Blood samples were collected in EDTA tubes and prepared within 6 hours after blood sampling by centrifugation at 3000 rotate per min (rpm) for 10 min and washing the remaining erythrocytes with an equal volume of 0.9% sodium chloride twice. Supernatant was again discarded and the packed erythrocytes were immediately frozen at –80ºC until analysis. For determination of NDPK activity, packed erythrocytes were diluted with 19 volumes of potassium phosphate buffer (0.02 M, pH 7.4).
The activity of NDPK was measured by determining the amount of a specific nucleotide triphosphate (dGDP) produced in the presence of phosphate donor (dGTP)-acceptor (dADP) coupled system. To validate the method, the incubation conditions previously described were modified slightly [13]. Briefly, the reaction mixture contained 0.25 mM MgCl2, 0.1 mM DTT, 270 mM NH4H2PO4 buffer (pH 7.0), 0.1 mM dGTP, 0.2 mM dADP, and 10 μL of diluted erythrocytes. After incubation at 37ºC for 5 min with gentle shaking, the reaction was stopped by heating at 100ºC for 10 min. After cooling on ice, addition of 10 μL of 1 mM IS, centrifugation (10,000 rpm for 10 min) at 4ºC in Thermo Scientific Sorvall Legend Micro 21R centrifuge (Osterode, Germany), and subsequent dilution of the supernatant with ultrapure water (1:1, v/v), 10-μL aliquots were used for HPLC analysis with a detection wavelength of 260 nm. The NDPK activity was calculated as nmol of dGDP generated per min per milligram of Hb (nmol/min/ mgHb).

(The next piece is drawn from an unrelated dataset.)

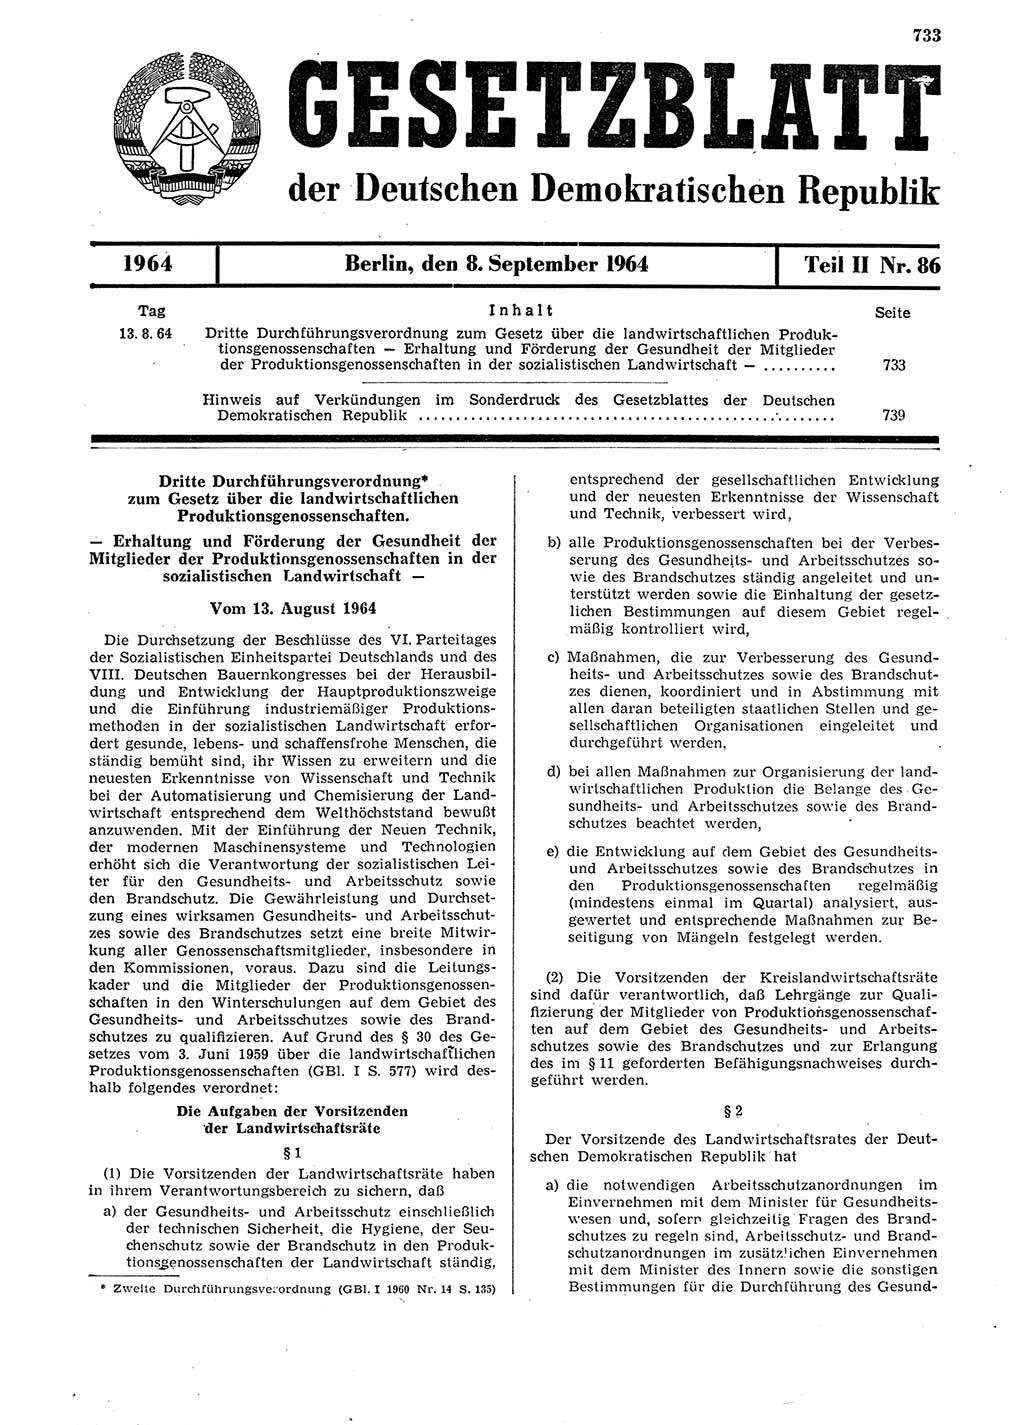 Gesetzblatt (GBl.) der Deutschen Demokratischen Republik (DDR) Teil ⅠⅠ 1964, Seite 733 (GBl. DDR ⅠⅠ 1964, S. 733)

The separation conditions were prepared according to the method described previously [13]. Determination of dGDP and IS was complemented on the Shimadzu LC-20AT Prominence HPLC system (Shimadzu Corporation, Tokyo, Japan), consisted of a binary pump (LC-20AT), auto sampler (SIL-20A), temperature-controlled column compartment (LGC-1025M), and PDA detector (SPD-M20A). The samples were separated by gradient elution at 25ºC on a Symmetry ShieldTM RP18 column (3.9 mm×150 mm, 5 μm, Waters, USA) with a pre-column (4.0 mm×10 mm, 5 μm, Shimadzu, Japan). Operation of HPLC equipment and data collection was controlled by LC-solution software version 1.24 (Shimadzu, Japan). The mobile phases consisted of solvent A (20 mM potassium phosphate with 5 mM TBAHS) and solvent B (acetonitrile). The following gradient was used: 0 to 2.0 min, 6% to 13% B, 0.50 mL/min; 2.0 to 7.0 min, 13% B, 0.50 mL/min; 7.0 to 30.0 min, 13% B, 0.80 mL/min, followed by a 10-min post-run interval at 6% B with flow rate of 0.50 mL/min until the next sample was injected.

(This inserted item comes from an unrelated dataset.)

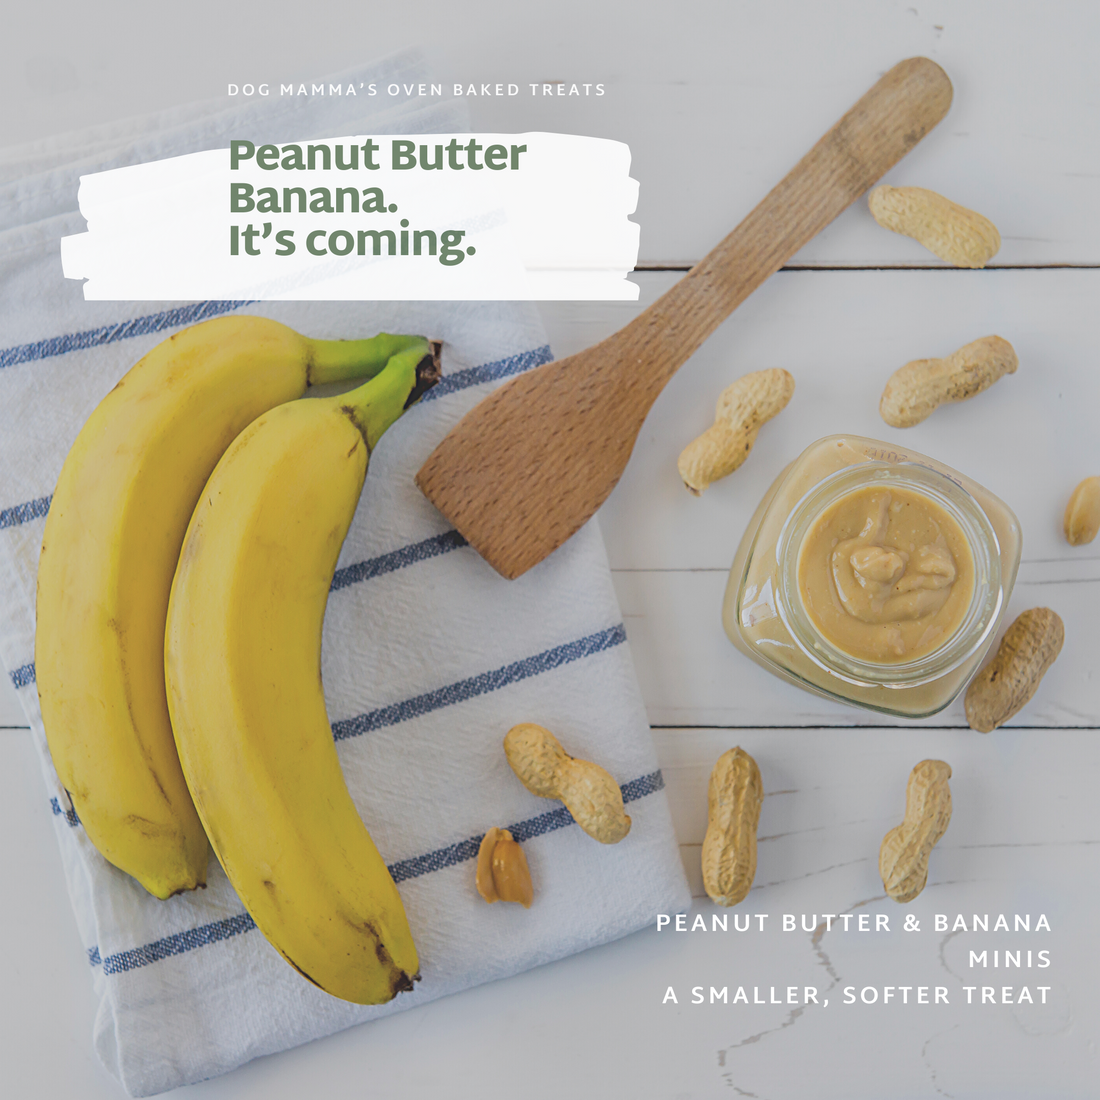 Peanut Butter Banana small treats are coming soon!

Calibration curve samples with final concentrations of 1.04, 2.08, 4.17, 8.33, 16.67, 25.00, 50.00 μM dGDP per sample were prepared in 300 μL of reaction mixture without adding dADP and dGTP. The sequent procedures were performed as described above. Calibration curves were constructed by plotting the peak area ratio of dGDP to IS against the dGDP concentrations used with least-squares linear regression analysis. Accuracy and precision were evaluated by assessing QC samples at the following concentrations (n=6): low (2.92 μM), medium (12.50 μM), and high (41.67 μM) for dGDP per sample, respectively. The lower limit of quantification (LLOQ) was determined as the lowest concentration on the calibration curve which should be reproducible with a precision of 20% and accuracy of 80 to 120%. Extraction efficacy of dGDP was measured by comparing the peak areas from spiked diluted erythrocytes samples to those from samples prepared without erythrocytes.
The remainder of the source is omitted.